I read this post all the way through without thinking about it and by the time I got to the end I felt so relaxed...this post has a lot going on, but it's the most peaceful accepting post you've written in a long tome...or at least, that's how it strikes me.

Laura N said...

I agree with the previous Laura-- in the midst of the foot injury & disruption to your normal routine, you sound at peace. Maybe it's just a touch of peace here & there, but it's showing. & looks good on you.

Sleeker reflections are such a joy. So glad your diligence was rewarded with that.

The rain was here yesterday. It was torrential. Today the sun is shining again, at last.

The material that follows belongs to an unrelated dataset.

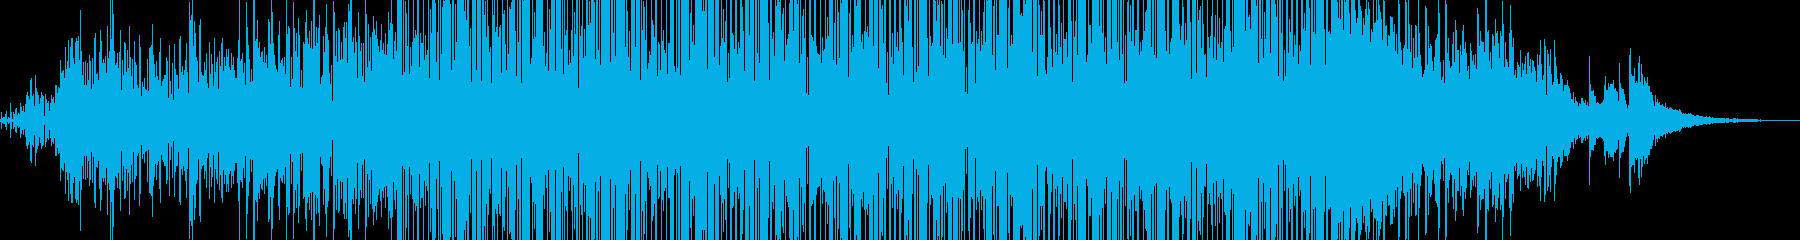 KANT無機質混沌BGM200611の再生済みの波形

April is over in 10 days... we're almost there. Here's to a healing, productive week, Frances!

Anonymous said...

Patt J:
A different spin on the "friends with sisters" thing: I have four sisters and I love them all. But I find such warmth and strength in my friendships with women my sisters have never met! It's a completely different dimension to be close to someone to whom you are not related. I love my sisters. I love my friends. Rarely do the twain meet, so to speak. Don't give up on friends with sisters. We can't help it!
:)

Anonymous said...

The friends with sisters hypothesis has gotten me thinking. Counting. Hmmm. In some ways I think I would have been better prepared for adult friendships with other women if I'd had a sister or two. (I have only one younger brother.) There is something about me that seems to signal "competitive" to women I become close to over time. I don't see myself that way at all, but I realize I need to acknowledge that others might. I never had to share my parents with a sister, and it may have spoiled me. Now, I find that my most rewarding friendships with women are mostly conducted online, even if I know the women "IRL". The distance helps. Yet it leaves me a bit lonely IRL.

Well, blah blah blah -- enough about me; thanks for bringing this up!